Focus: Manual Materials Handling Equipment

Feature Article
- 27 Jan 2005 ( #193 ) - WASHINGTON, DC, United States
3 min read
While the European market braces for the European Commission's provisional ruling on dumping allegations against Chinese hand pallet truck manufacturers (Forkliftaction.com News #192), the western world is seeking ways to deal with "the monster we created". DAMIEN TOMLINSON reports.

Just a few years ago, the wider materials handling industry rejoiced as China, with its cheap manufacturing costs, labour and abundance of raw materials, joined the world economy.

But ask some manufacturers what they now think the biggest threat to their industry is, and they'll point to the East. It seems the very things the western materials handling industry campaigned for and eagerly embraced are now challenging it.

Previous perceptions were that, while Asian products were cheaper, their quality was inconsistent, and after-sales support was often ad-hoc. But the message has been received, and well-built machinery is arriving from China and other Asian countries and is being delivered through well-established dealer and service networks.

While quality and service questions have largely been addressed, the issue of price-competitiveness and import volumes remains. As a source in the US says, "we're now staring at the monster we created, and there's nothing we can do about it".

According to figures obtained by Forkliftaction.com News, the North American (including Canada) market for manual materials handling has been rapidly declining since a peak in the early 2000s.

North American manual materials handling manufacturers have lost one third of their business in the last four years.

Figures for 2004 show US producers booked 112,000 orders for hand pallet trucks and other manual materials handling equipment, compared to 108,000 in 2003, 124,000 in 2002 and 157,000 in 2001.

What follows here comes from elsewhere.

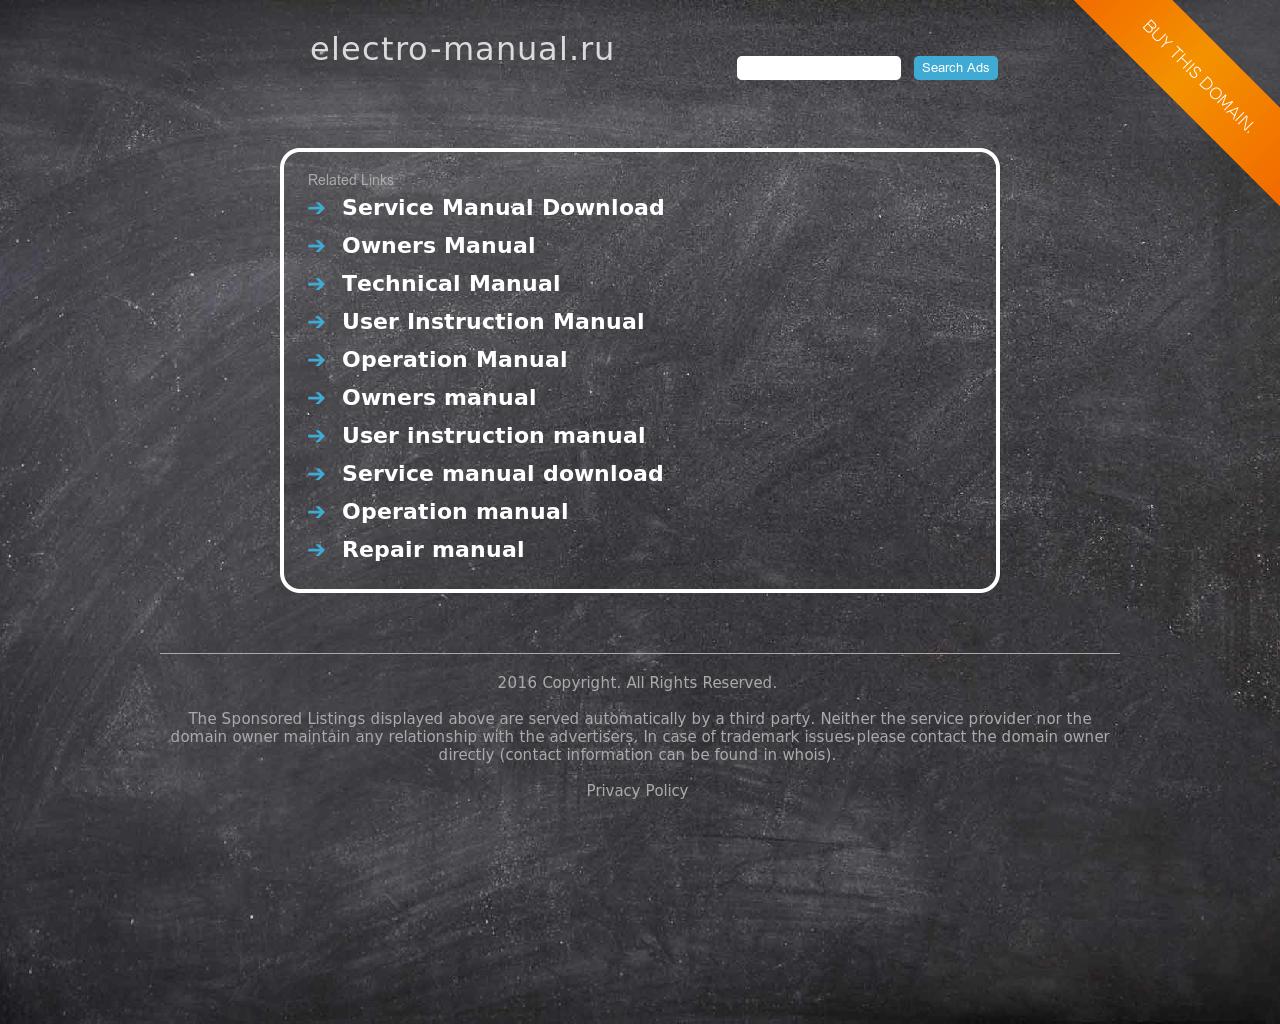 Изображение сайта electro-manual.ru в разрешении 1280x1024

"The sharp drop in the figures indicates the impact Asian imports are having on the local industry," the source said. "The market isn't shrinking; it's that outside imports can't be tracked accurately, but the raw data suggests the US market is sustaining body blows from the east."

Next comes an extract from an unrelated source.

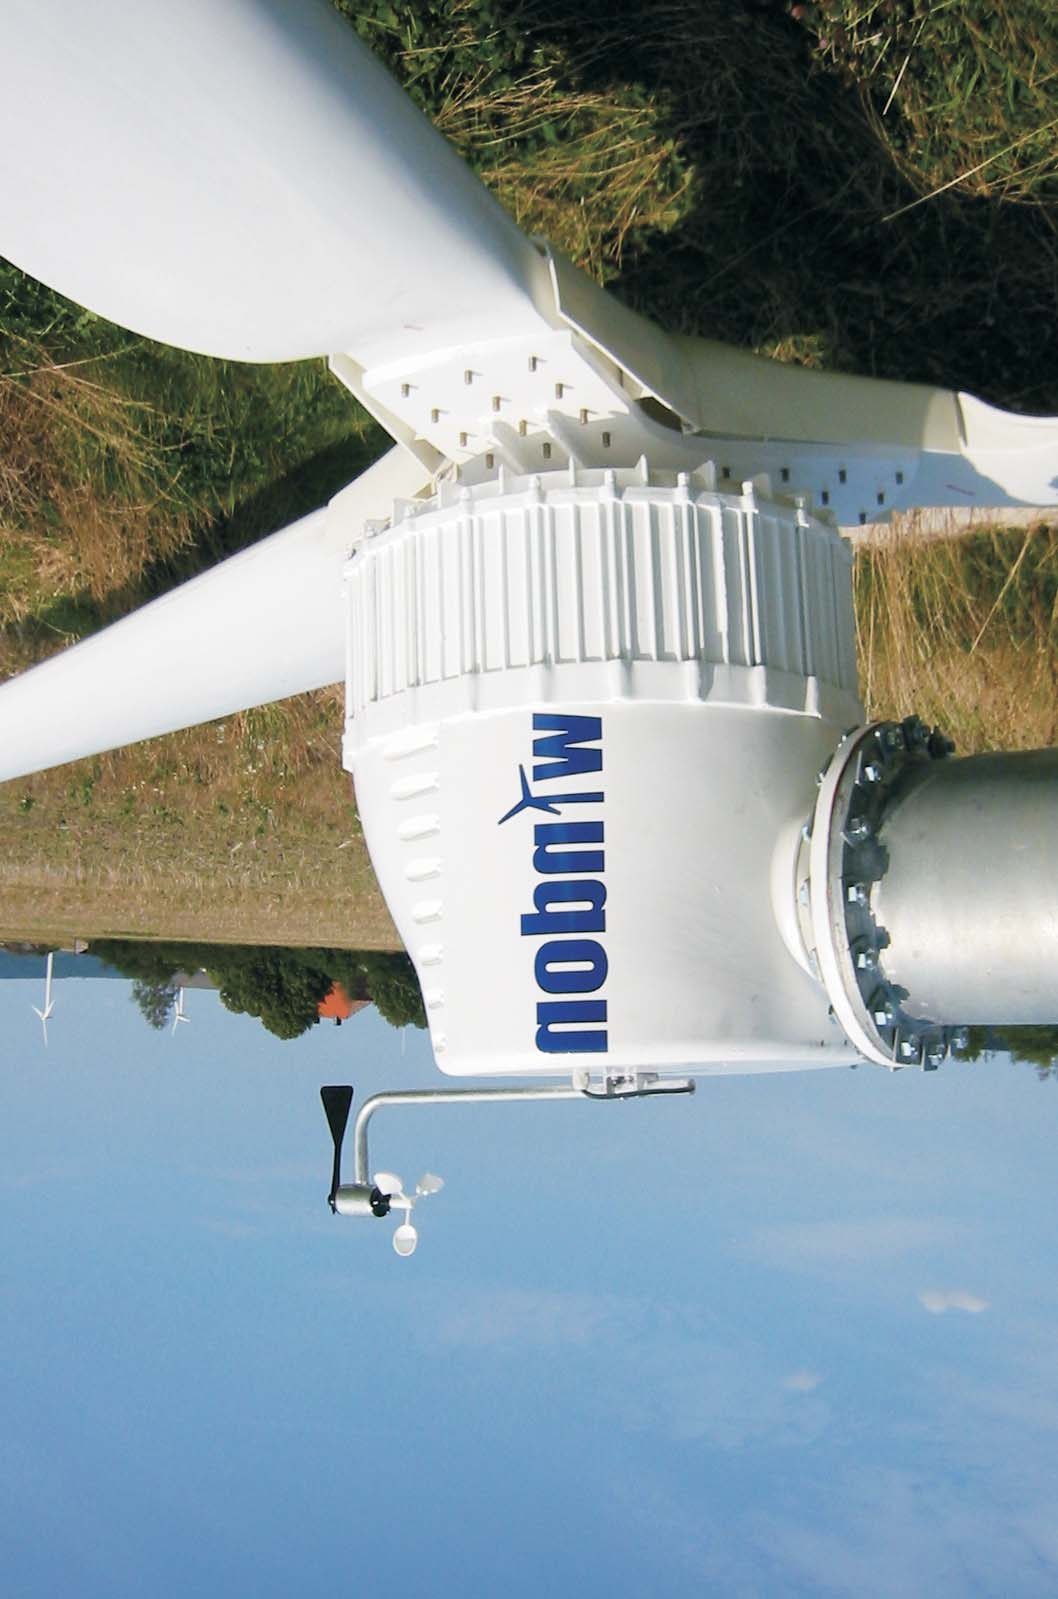 Turbinas eólicas windon Especificación detallada Potencia nominal Diámetro de rotor Altura de buje Concepto Clase de viento Velocidad nominal Velocidad máxima Vida mínima 20kW 20kW 12 m 18/24/30m

The European Union, a much larger producer and consumer of hand pallet trucks and other manual materials handling equipment, consumes about 450,000 machines a year, of which Asian imports account for about half, according to a source.

Jungheinrich closed its French subsidiary, MIC SA, last year, citing the "increasing dominance" of Asian competitors (Forkliftaction.com News #133). At the end of the year, it closed its Jungheinrich Producción hand pallet truck division in Spain.

"The fundamental changes in the world market for hand pallet trucks have led to declining levels of incoming orders and to losses ... as a result of the increasing dominance of Asian producers with the associated enormous pressure on prices," the company said.

The Fédération Européenne de la Manutention's (FEM) annual meeting last year in Dresden, Germany, was well attended, but one particular seminar, delivered by a lawyer on the subject of doing business in China, was standing room only.

CEOs at the conference, during a forum of business leaders, noted they were "concerned" for the materials handling industry's health in 2005, and said labour costs and raw materials spikes were forcing companies to look at China and Estonia as alternative manufacturing locations (Forkliftaction.com News #175).

And that seems to be the way forward through the murk. As raw materials, mainly coking coal and steel, continue to reach higher prices, materials handling companies must consider transplanting manufacturing facilities to the most cost-effective locations.

Many have done so, with Linde, Toyota and, most recently, Jungheinrich (Forkliftaction.com News #174) pitching tents in China.

As a US source says: "If we can't beat them, and we're not, we have to join them or be beaten by them."